Handling fixed-length records with embedded unix newlines

Question

I am receiving a text files that is fixed length fields and carriage return/newline delimited records (CRLF). Recently one of the text fields started to present with a newline character in the record (LF). This is obviously causing some problems on our unix server.

I would like to simply look for the use of LF in the file and replace it with a single space, but this will obviously interfere with the windows newlines.

I have tried tr and perl but can't quite seem to get it right:

cat badinput.txt | perl -p -e 's/\x0D\x0A/\x0D/' | perl -p -e 's/\0A/ /' | perl -p -e 's/\x0D/\x0D\x0A/' > goodoutput.txt

The idea is to

• replace CRLF with CR
• replace LF with
• replace CR with CRLF

For some reason I'm not quite getting the CR -> CRLF transformation.

Suggestions?

Answer 1

You can read the whole input with -0777 and then do the substitution:

perl -0777pe 's/\r\n/\r/g;s/\n/ /g;s/\r/\r\n/g' badinput.txt

The parameter are:

• p which outputs the value of $_ at the end of each "line"
• 0777 which sets the record delimiter to undef

Perl Command-line Options

Answer 2

Why not replace \x0A (with a space) when it is not immediately preceded by \x0D

s/(?<!\x0D)\x0A/ /;

This uses negative lookbehind

It is probably safest to read the file into a string ("slurp" it) as it is not clear what those LF/CRLF will do for reading it "line by line" -- what is a "line" on the OS on which this is processed?

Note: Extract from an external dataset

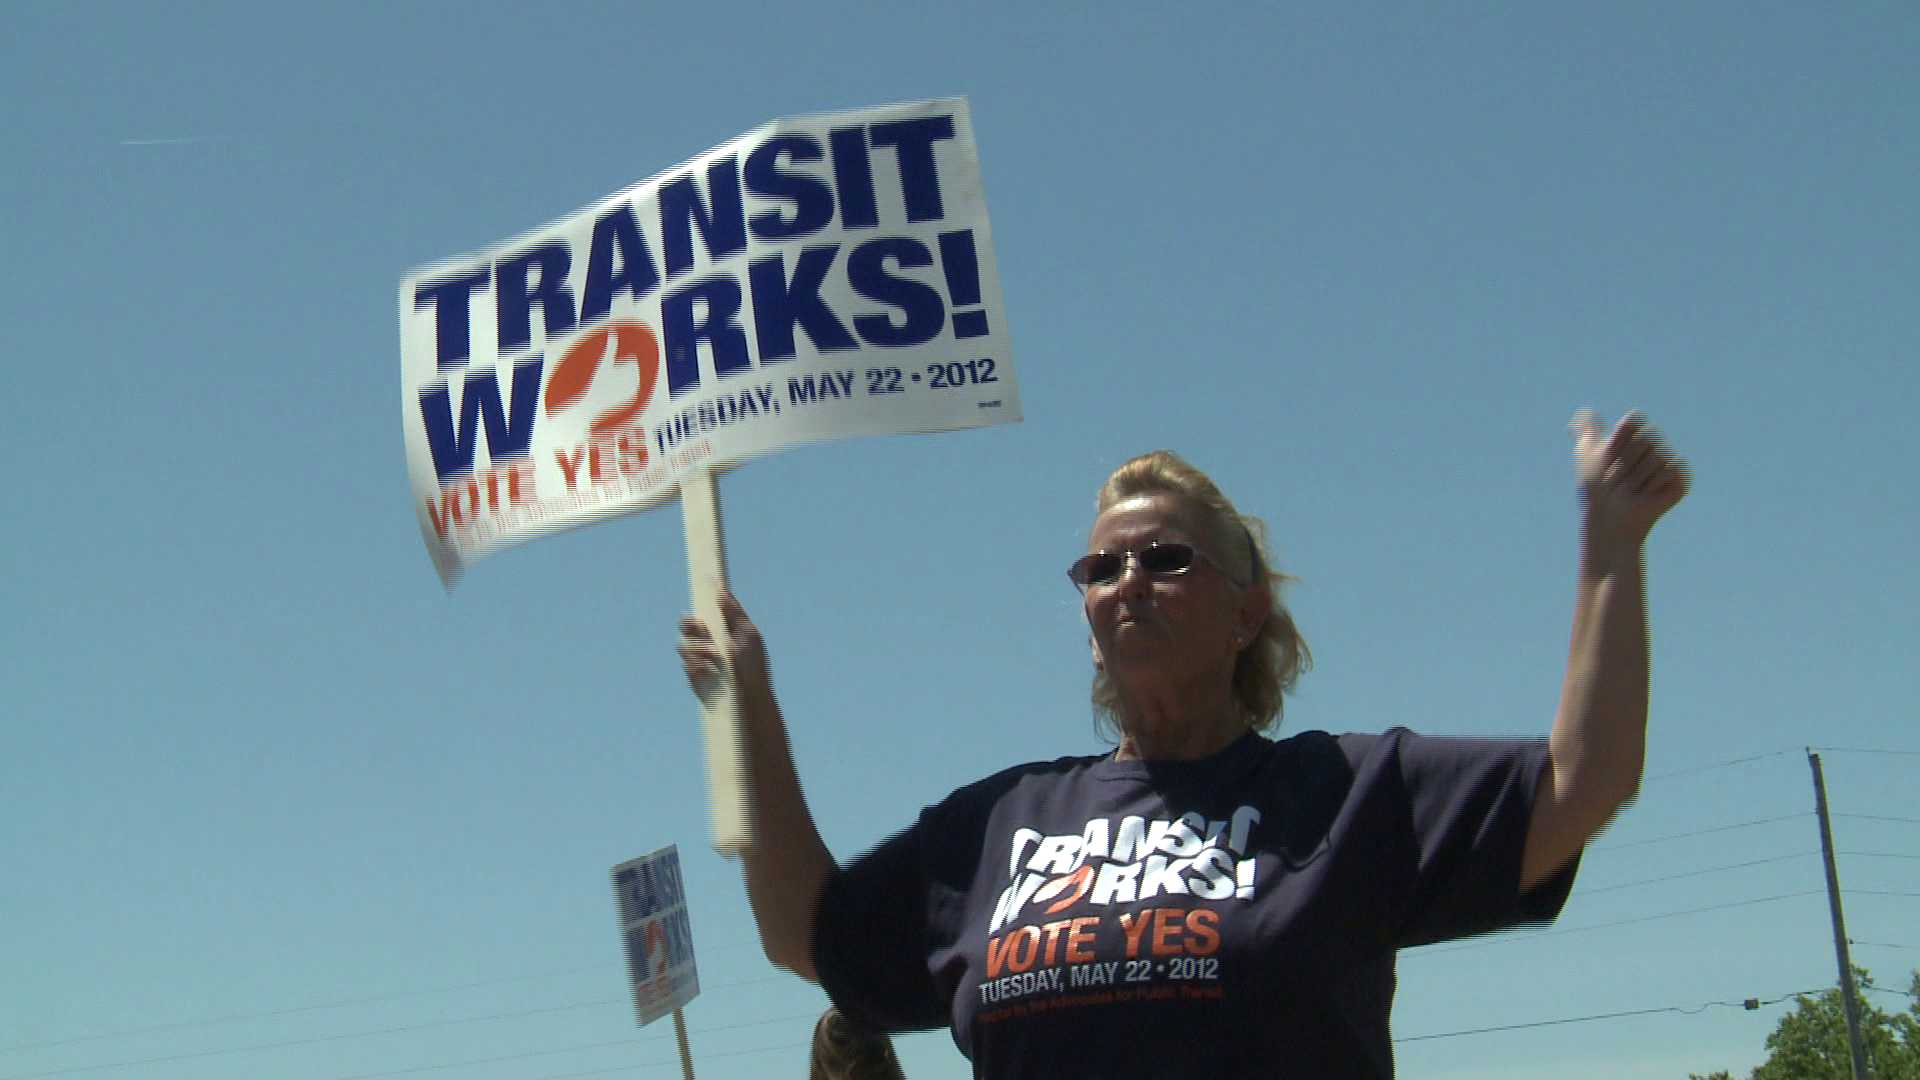 transittaxwoman

So

perl -0777 -wpE's/(?<!\x0D)\x0A/ /g' file

The 0777 command switch effectively unsets the input record separator.

This prints out the file with changes. To change it in place, add -i. See the linkd docs.

Answer 3

To be clear, you have records separated by a carriage-return / newline pair (and I edited your question for that). )And, update, you didn't have CSV as you said you did and fixed-length records makes a big difference. Why are there line endings in fixed-length records?) You can set the line ending to that, read one record at a time, and modify anything you like in it. You don't need chomp or any special line ending armor.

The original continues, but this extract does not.